### Task prompt
Your answer must be an exact transcription of the data, with every picture omitted.

### Recorded data
BEGIN
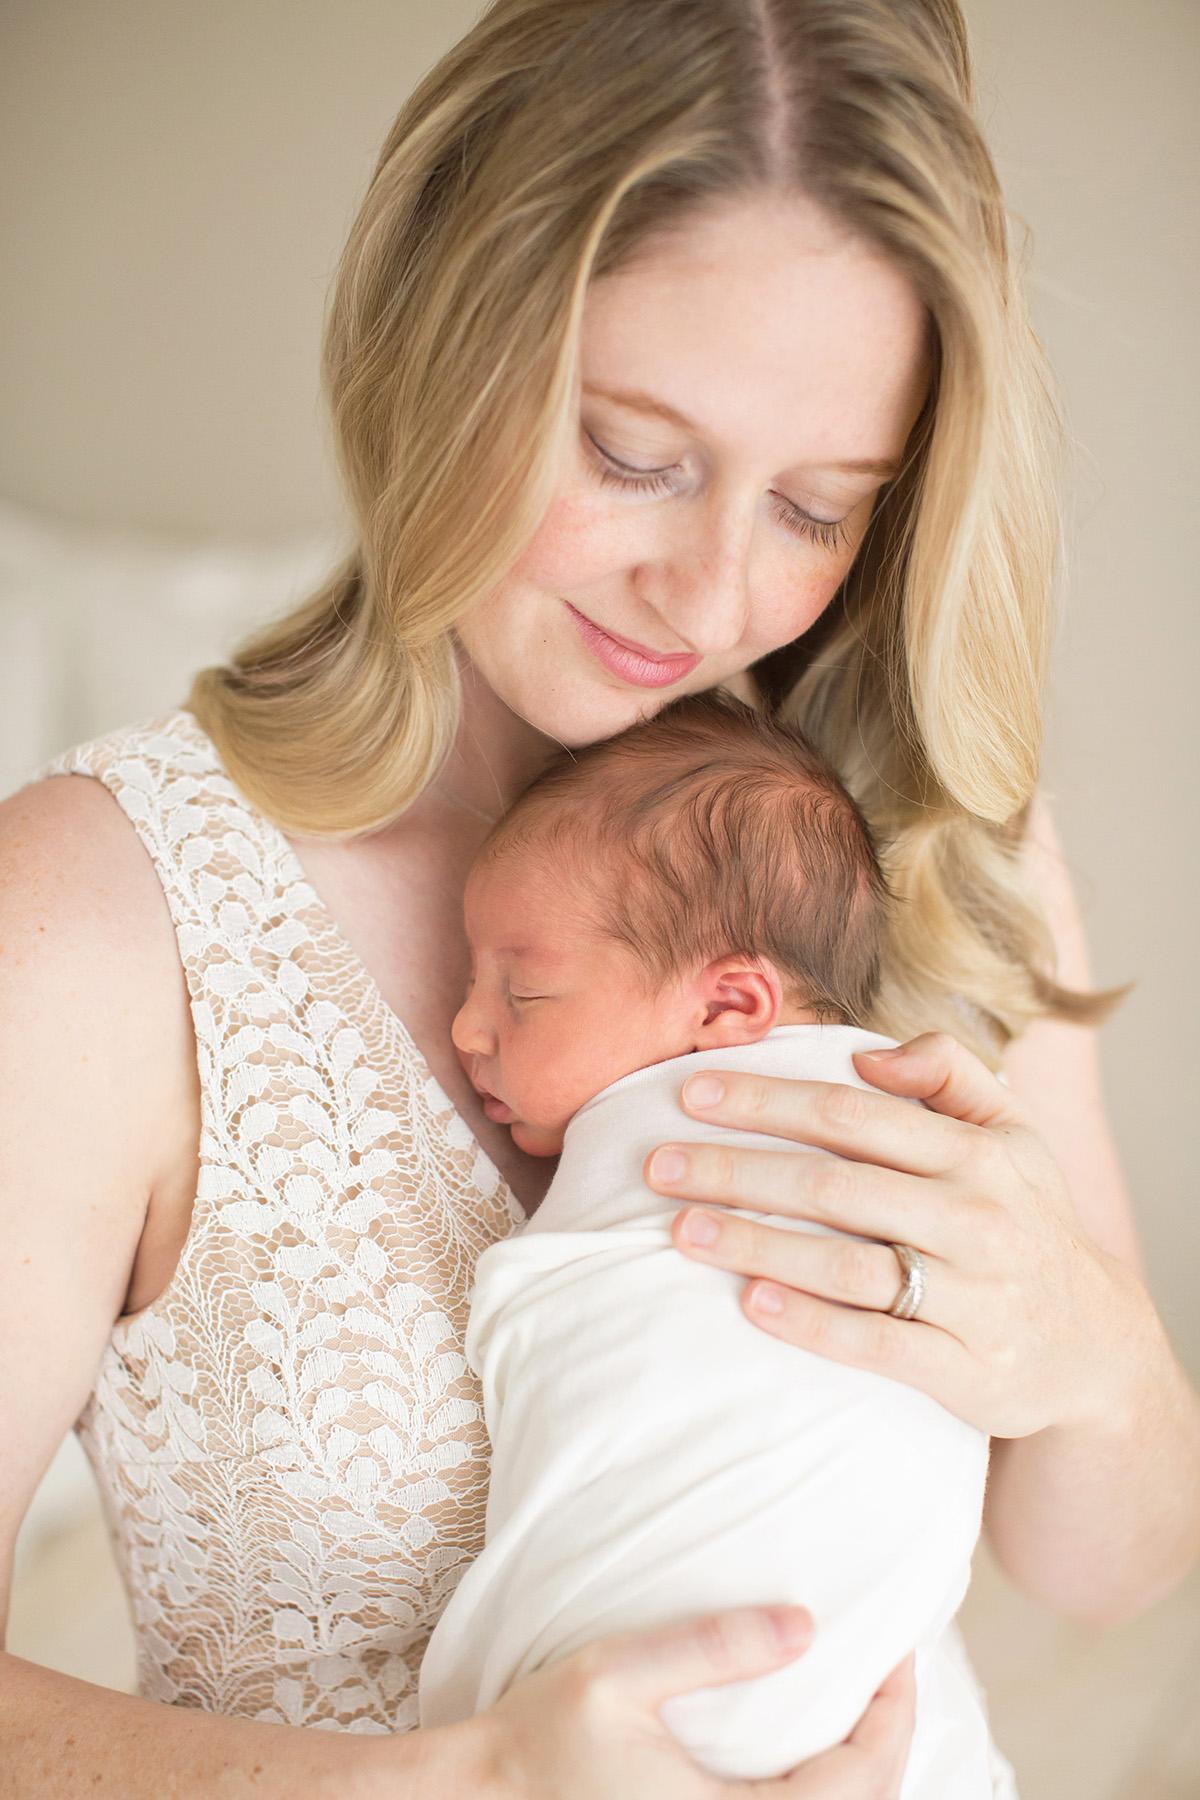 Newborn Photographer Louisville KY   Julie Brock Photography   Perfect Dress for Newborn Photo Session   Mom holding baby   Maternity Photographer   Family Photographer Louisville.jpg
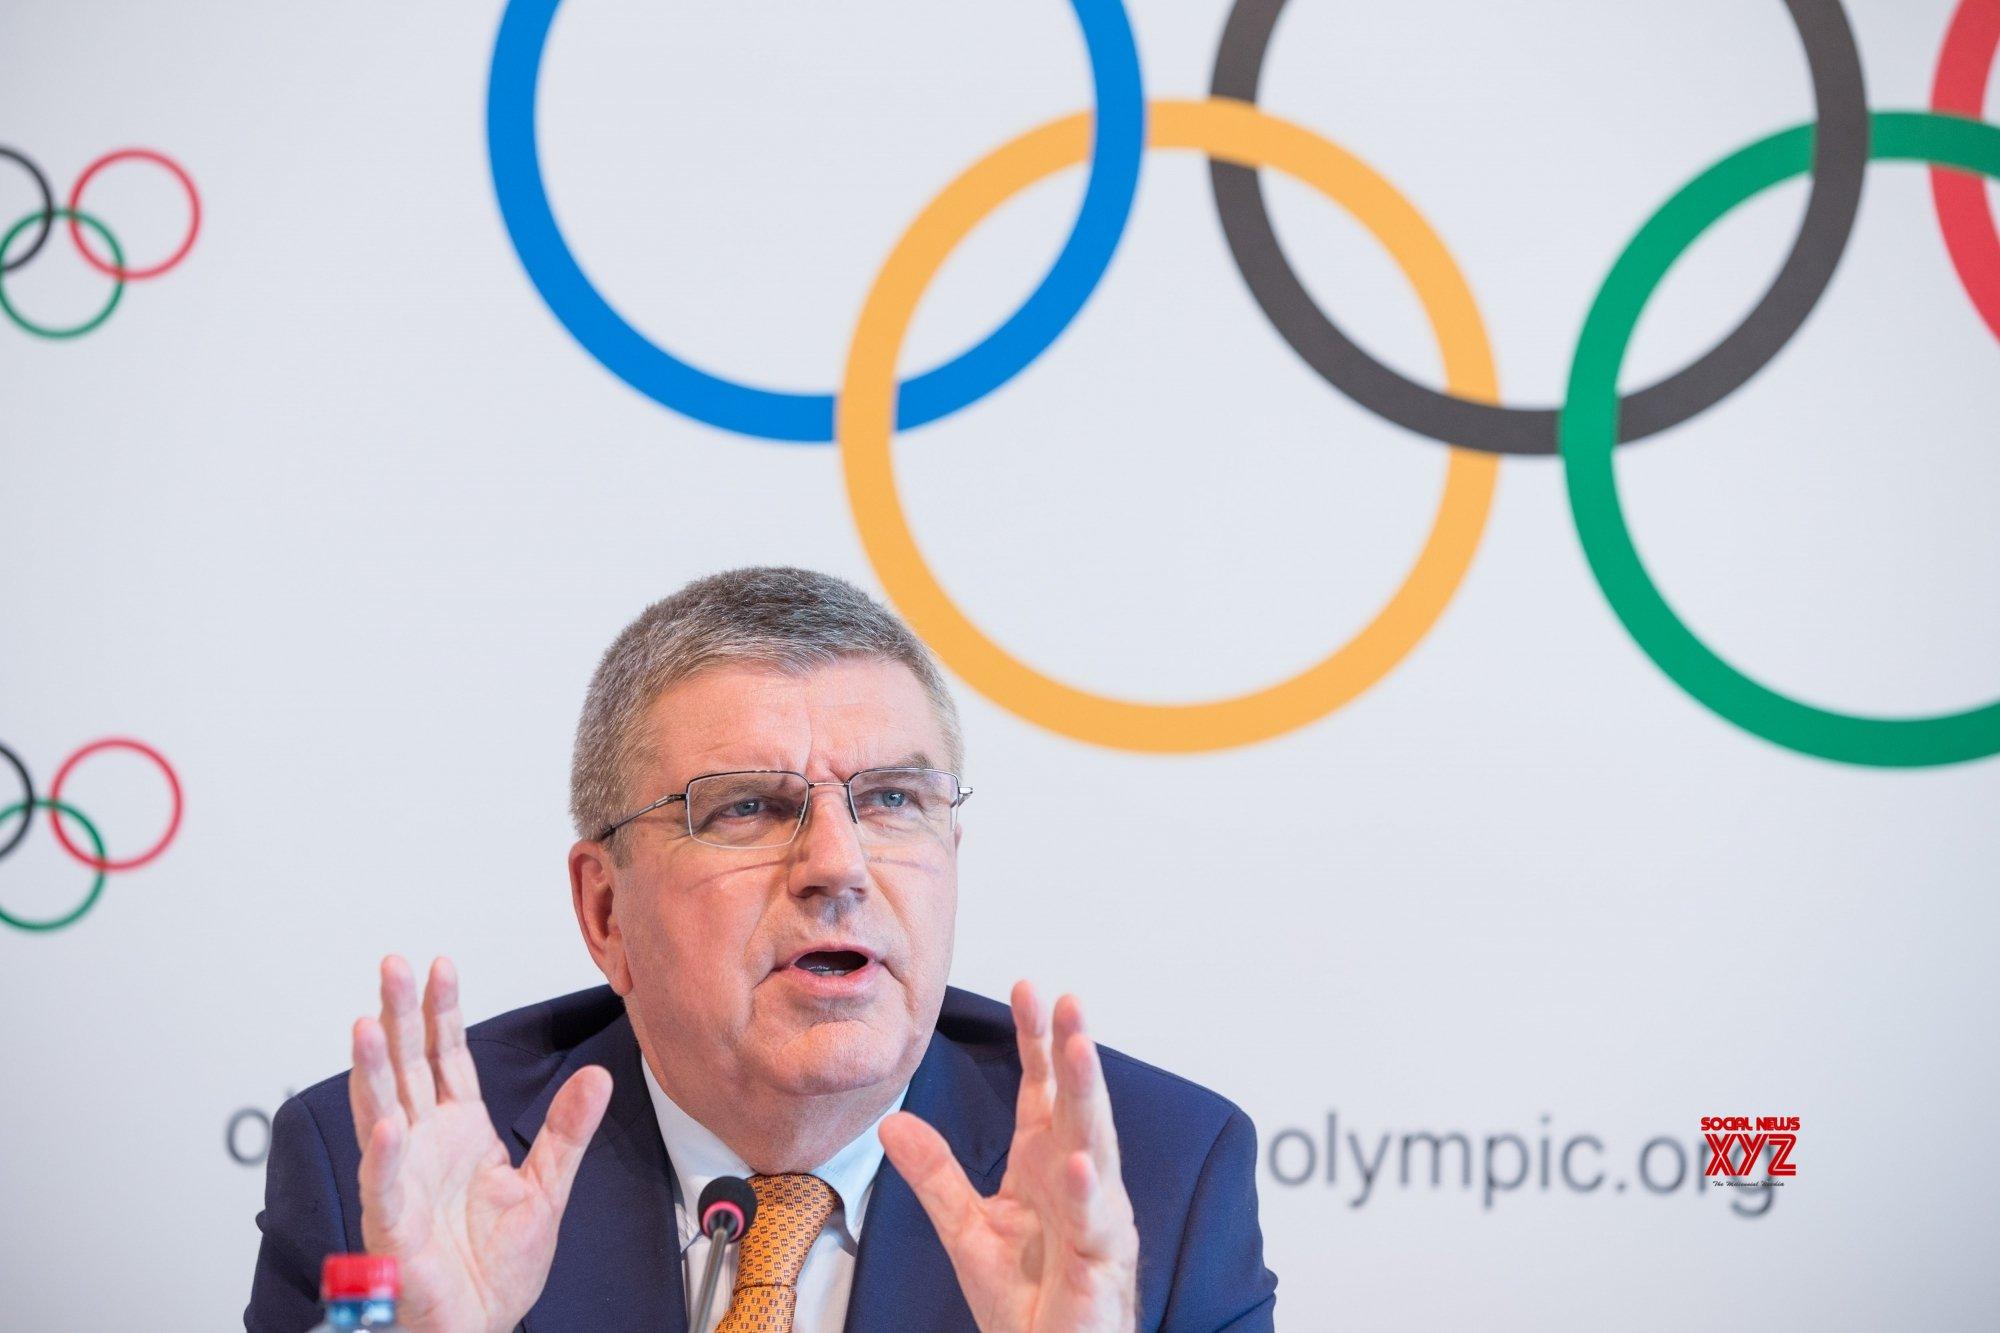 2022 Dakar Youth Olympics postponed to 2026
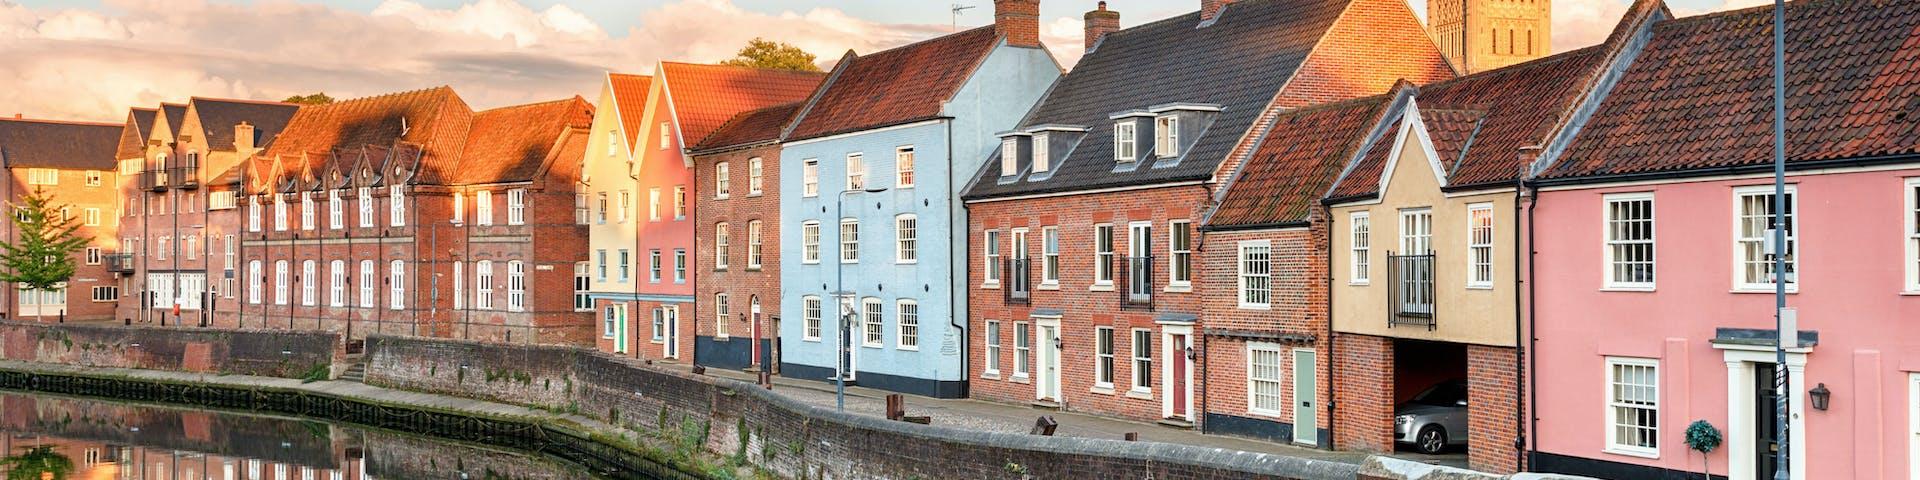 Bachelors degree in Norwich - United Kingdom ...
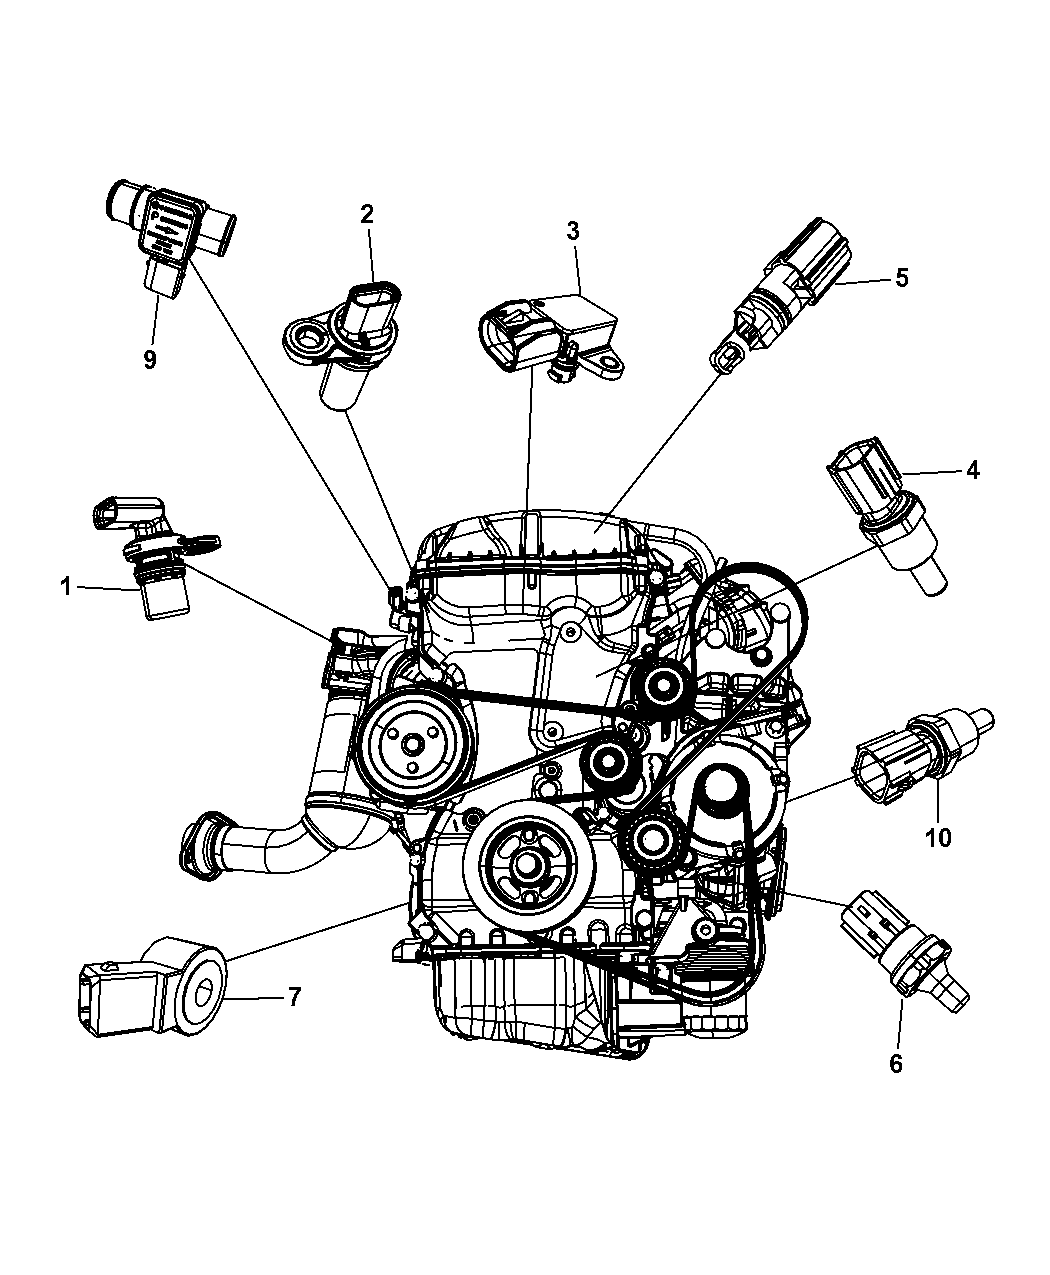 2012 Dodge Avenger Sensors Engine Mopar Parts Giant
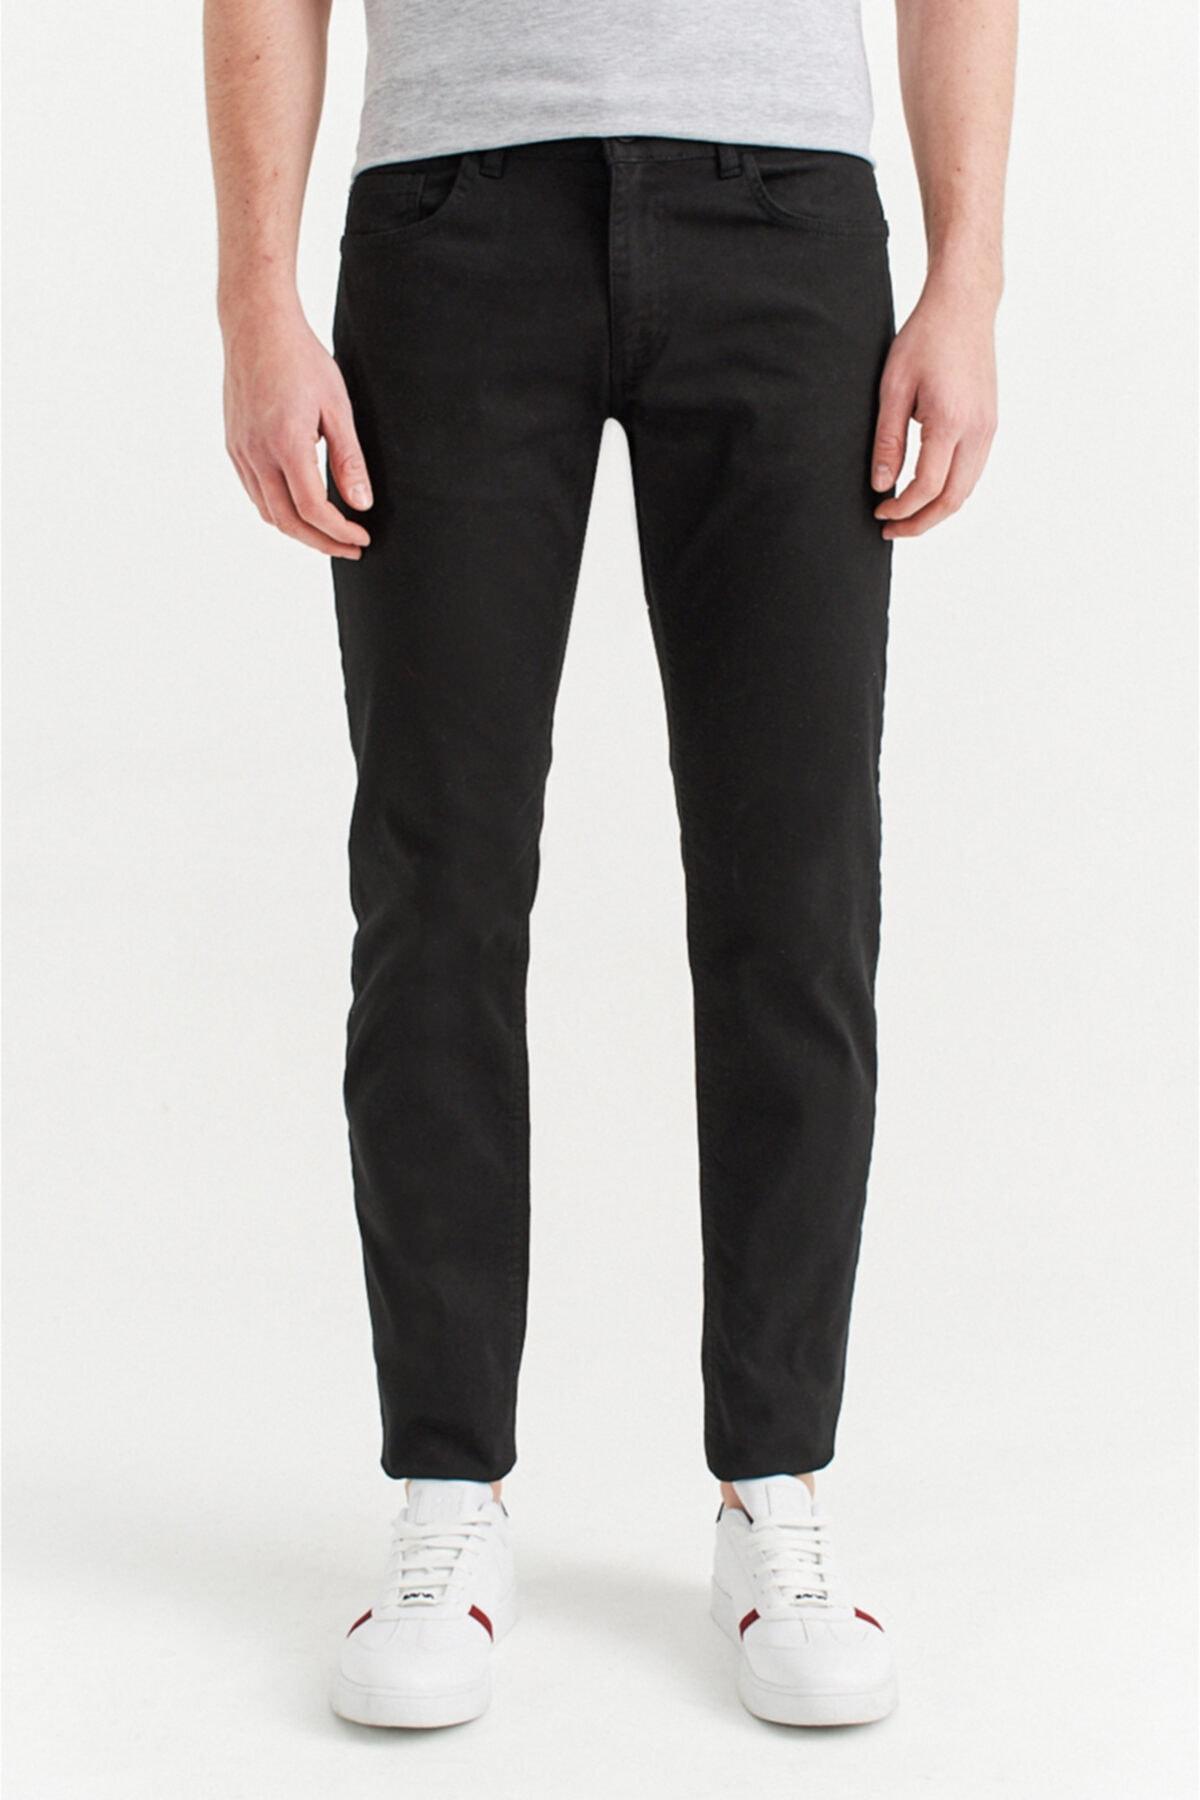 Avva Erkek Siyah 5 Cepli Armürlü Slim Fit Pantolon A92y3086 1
END
### Expected output
 Newborn Photographer Louisville KY   Julie Brock Photography   Perfect Dress for Newborn Photo Session   Mom holding baby   Maternity Photographer   Family Photographer Louisville.jpg
 2022 Dakar Youth Olympics postponed to 2026
 Bachelors degree in Norwich - United Kingdom ...
 2012 Dodge Avenger Sensors Engine Mopar Parts Giant
 Avva Erkek Siyah 5 Cepli Armürlü Slim Fit Pantolon A92y3086 1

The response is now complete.